# Cervelo s2 rival bottom bracket question



## superflylondon (Aug 24, 2008)

I have a 2011 s2 with rival crank...etc. I want to change out the bottom bracket as I hear some grinding and I've put some km on this bike! 

Can i use this bottom bracket? SRAM GXP Team Bottom Bracket Cups 
SRAM GXP Team Bottom Bracket Cups | Evans Cycles


and use this tool Park Bottom Bracket Tool - 16 Notch Cups
Park Bottom Bracket Tool - 16 Notch Cups | Evans Cycles

Additonal tools needed are grease and a 8mm wrench? 

That about covers it for tools needed? Do I have the correct parts listed? If I don't what type of parts/tools do I need? Thank you for any help! 
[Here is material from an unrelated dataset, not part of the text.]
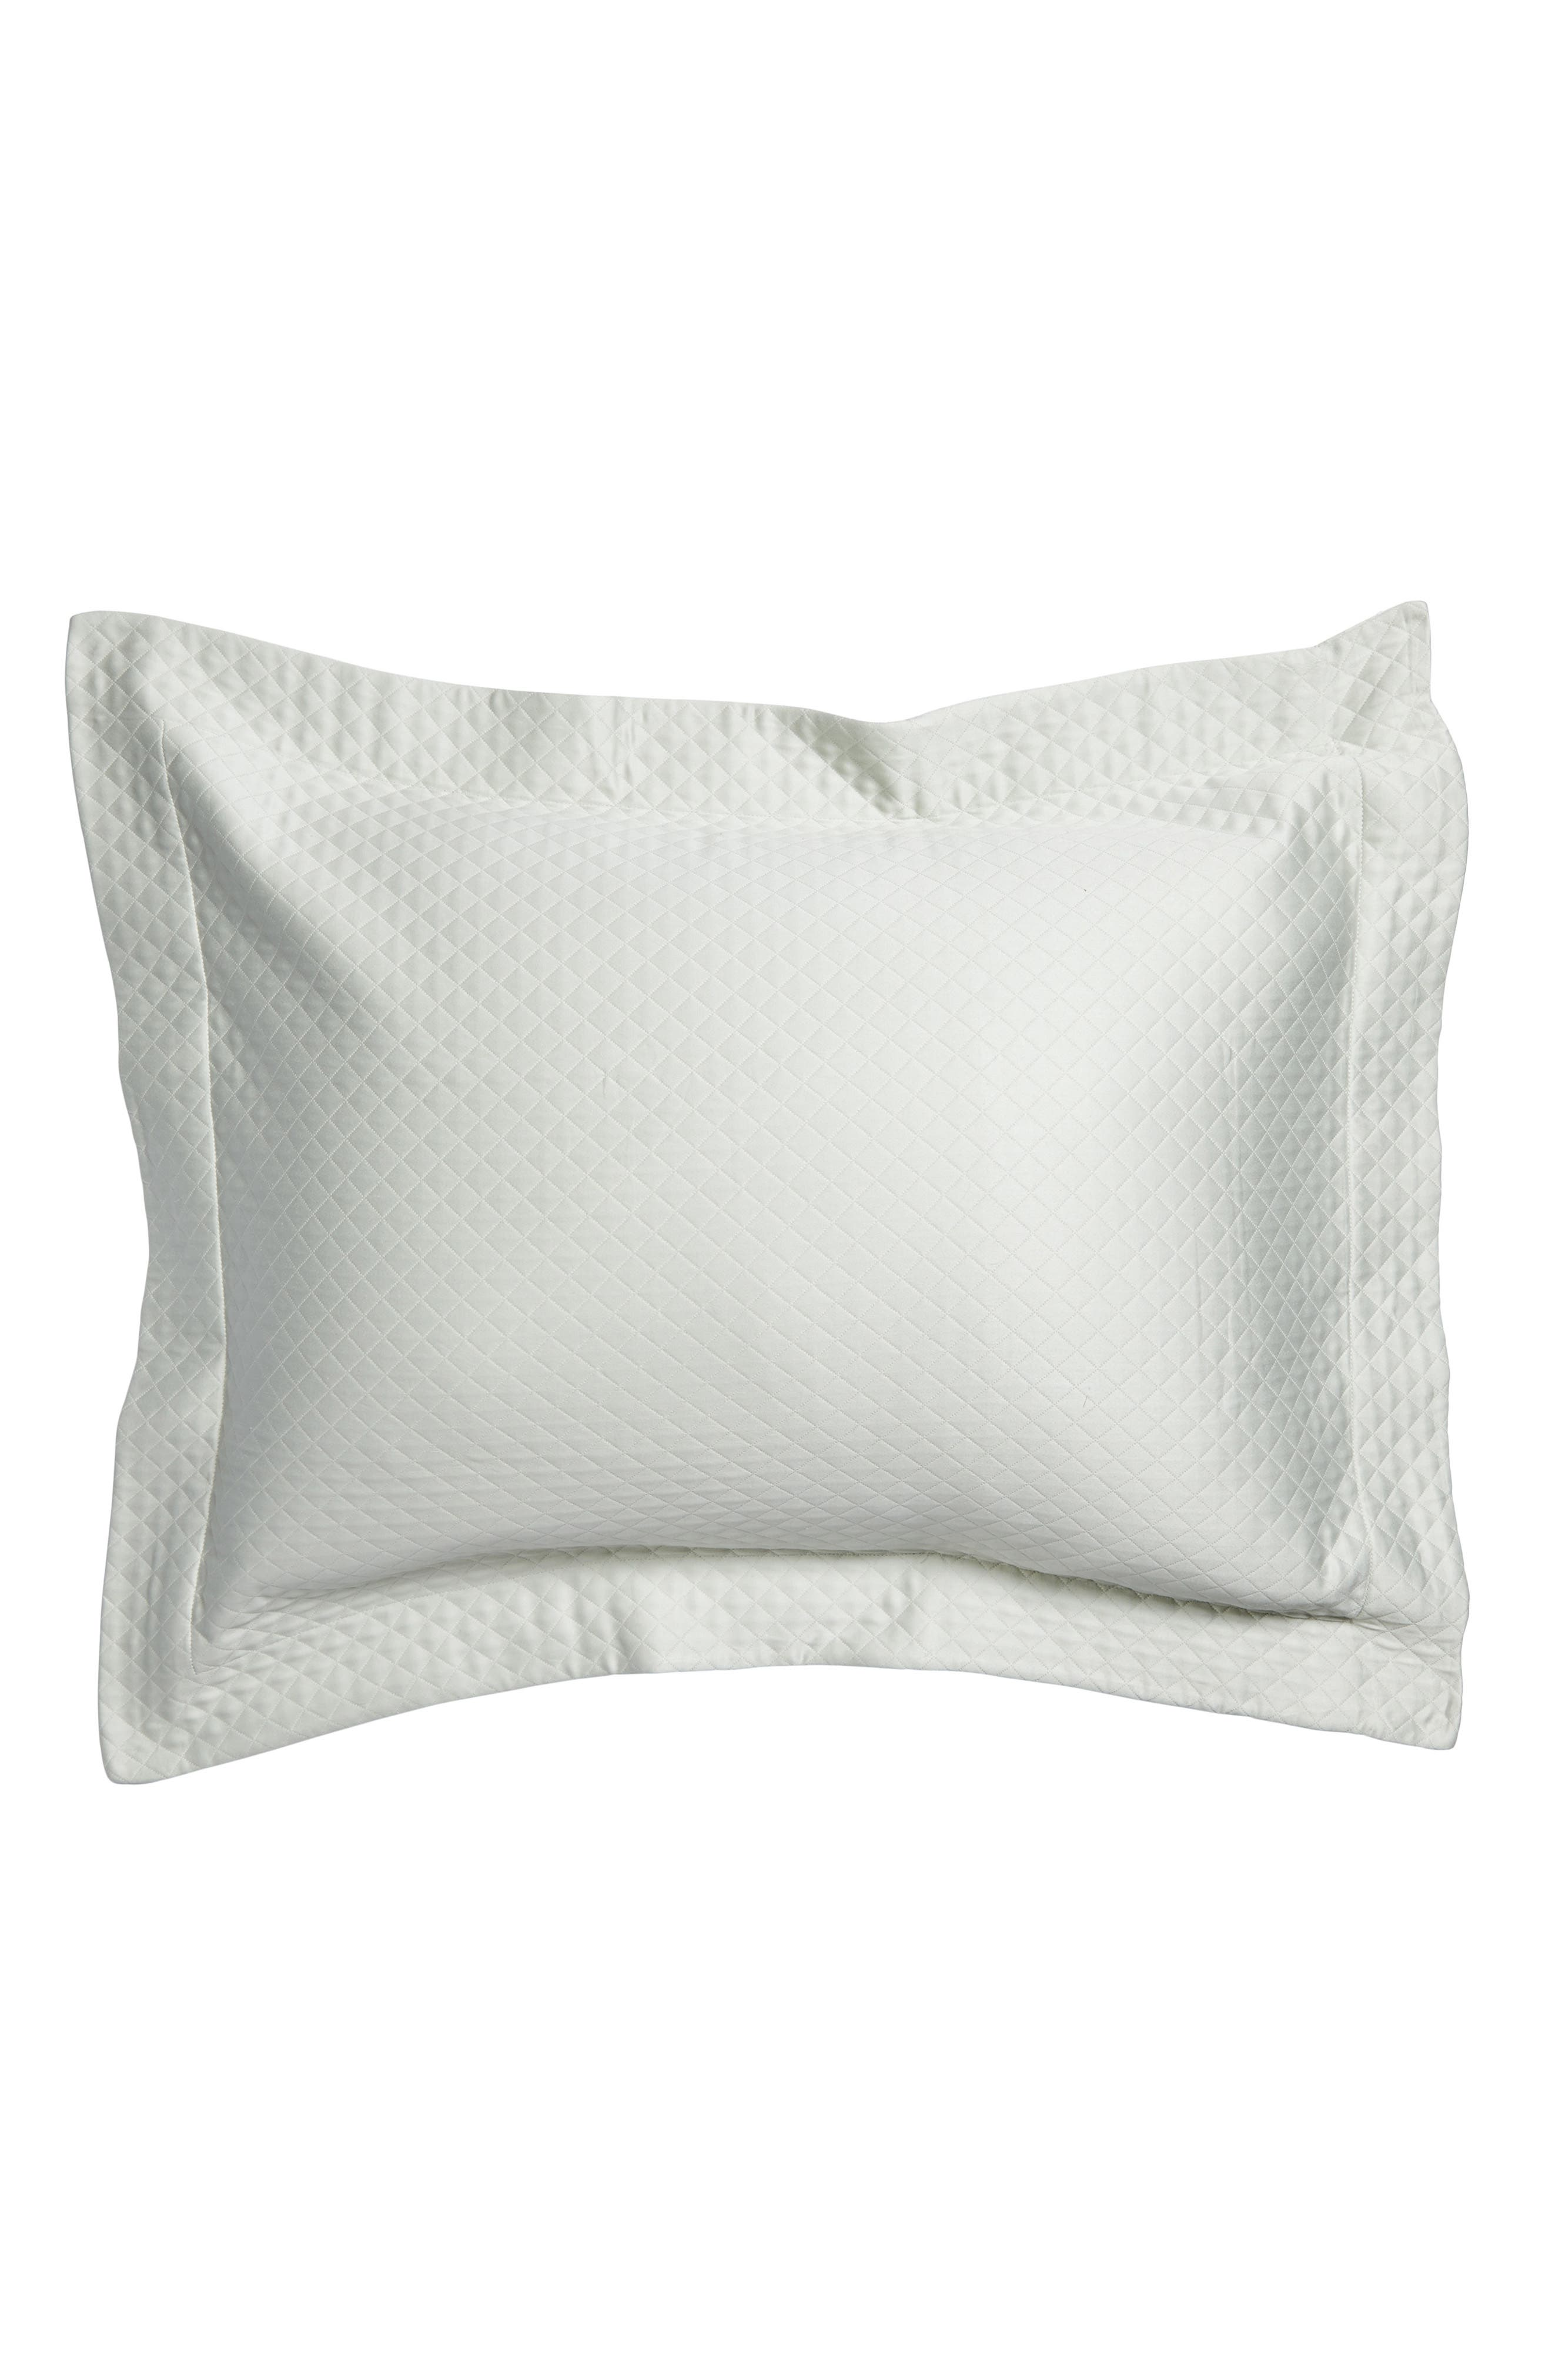 Bari Cotton Sham,                         Main,                         color, Silversage

I've done most of own repairs/adjustments on my bikes but never replaced this before. From what I've read too i do not need to use the spacers that come with the BB as my bike is a 68mm bb?


----------



## Mailmover (Mar 29, 2011)

I would have the frame inspected to be certain that the aluminum BB housing has not separated from the Carbon Fiber. My 2009 Frame had this problem. Cervelo replaced the Frame and Fork with a 2012 model. I can't wait till the weather cleans up and I can take her out for a serious test ride...


----------



## cantride55 (Sep 19, 2008)

Your LBS will direct you to which b.b. tool to buy. Once you have it out you'll know which b.b. it is. I suspect it is the gxp but the bikes in front of you, not me.


----------



## faroodi (Dec 25, 2012)

Mailmover said:


> I would have the frame inspected to be certain that the aluminum BB housing has not separated from the Carbon Fiber. My 2009 Frame had this problem. Cervelo replaced the Frame and Fork with a 2012 model. I can't wait till the weather cleans up and I can take her out for a serious test ride...


I thought this was an Rx problem. Is this common with the S2 as well?


----------



## Tupelo (Apr 29, 2012)

Try this for some additional info specific to Rotor SAAB
Cyclo-CLUB ROTOR 3D Cranks Ceramic Bottom Bracket - YouTube


----------



## Mailmover (Mar 29, 2011)

*S2 Bottom Bracket Housing*



faroodi said:


> I thought this was an Rx problem. Is this common with the S2 as well?


I have about 500 miles on the 2012 S2. Today, I drop down to the 39 ring for some high speed cadence drills. The same racket that I had with the 2009 Frame is present with this one. Will be taking it in for inspection. Hopefully the BB itself is the issue and not the frame. Racket goes away when on the 53 Ring or when not under stress.


----------



## superflylondon (Aug 24, 2008)

Btw I was able to change out my BB no probs! Side note that sram calls for a 16mm hex wrench (WTF!) i just used a 16mm bolt to help me. still have to add in my new chain though.

Side on my winter beater (Cervelo s1) for now anyway....


----------